Ihre Lage: die Einordnung
Das sagt die Rechtslage zu Ihren Angaben
Allgemeine gesetzliche Regeln, keine Prüfung Ihres Einzelfalls — die Liste aktualisiert sich mit jeder Antwort:
Ihre nächsten Schritte
So gehen Sie vor: fünf Regeln
„Beim Elternunterhalt ist die wichtigste Nachricht: Für die allermeisten ist er seit der Reform kein Thema mehr — trotzdem verunsichern die Schreiben des Sozialamts“, sagt Rechtsanwalt Sebastian Müller. Seine fünf Regeln:
- 1. Prüfen Sie zuerst die Grenze. Erst über 100.000 Euro Jahresbrutto kommt Elternunterhalt in Betracht (§ 94 Abs. 1a SGB XII).
- 2. Geben Sie nichts vorschnell preis. Unter der Grenze muss das Amt Ihr Einkommen grundsätzlich nicht kennen.
- 3. Sichern Sie den Selbstbehalt. Auch darüber zahlen Sie nur, soweit es zumutbar ist (§ 1603 BGB).
- 4. Denken Sie an die Verwirkung. Hat der Elternteil sich schwer gegen Sie verfehlt, kann der Anspruch entfallen (§ 1611 BGB).

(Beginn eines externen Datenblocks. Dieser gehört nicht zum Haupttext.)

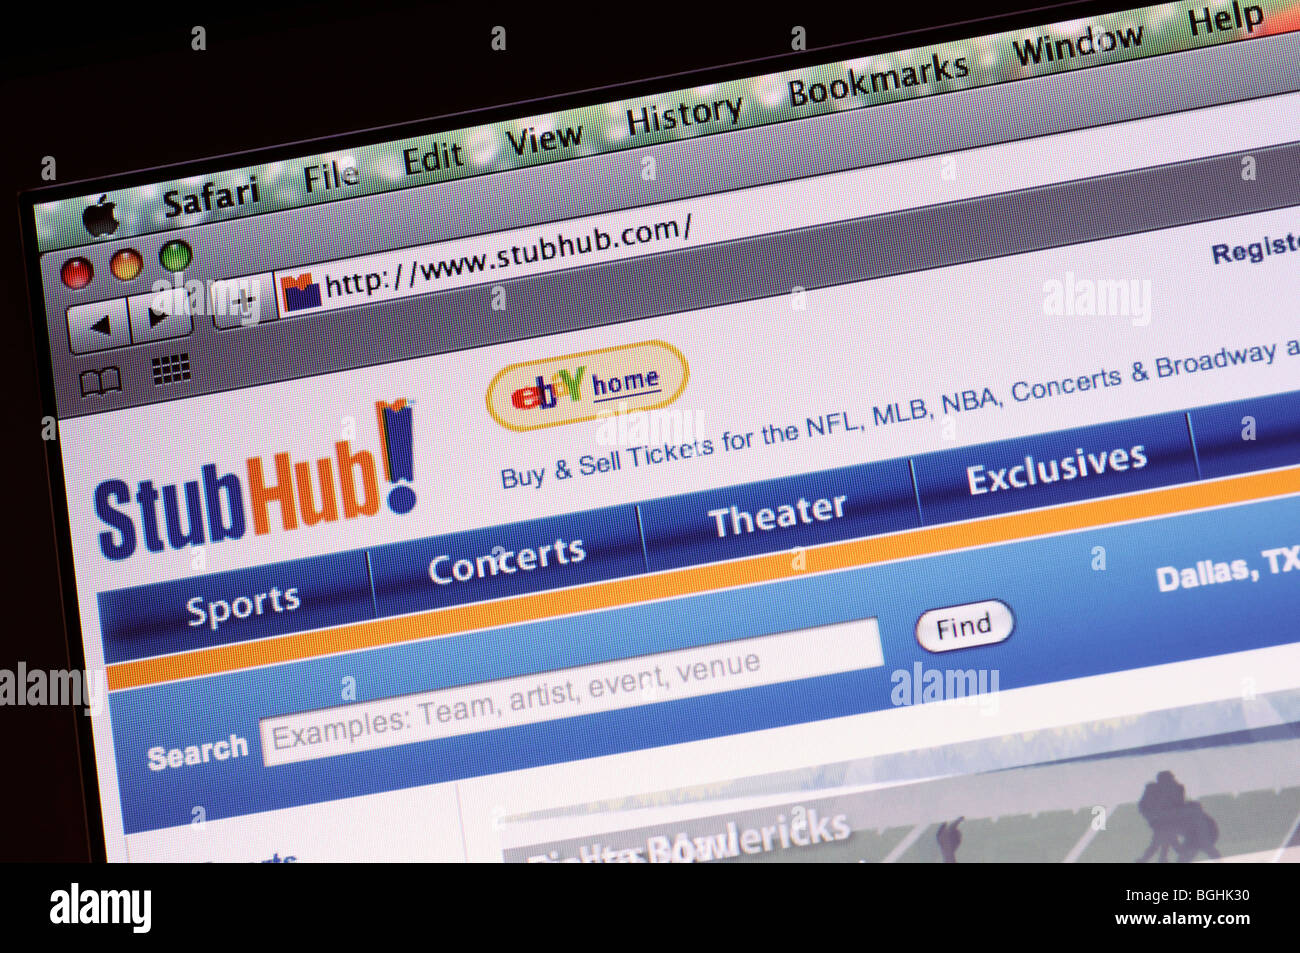 Stub Hub website - Stock Image

- 5. Lassen Sie das Schreiben prüfen. Ein Aufforderungsschreiben ist noch keine Zahlungspflicht.
Kommt Ihnen das bekannt vor?
Typische Situationen — zusammengefasst und ohne Namen:
- Der Brief vom Sozialamt. Nach dem Heimeinzug eines Elternteils kommt Post mit Fragebögen zum Einkommen. Wer unter 100.000 Euro brutto verdient, muss regelmäßig gar nichts ausfüllen (§ 94 Abs. 1a SGB XII).
- Der zerrüttete Kontakt. Der Elternteil hat sich früher nie gekümmert. Dann kann der Anspruch verwirkt sein (§ 1611 BGB) — auch oberhalb der Grenze.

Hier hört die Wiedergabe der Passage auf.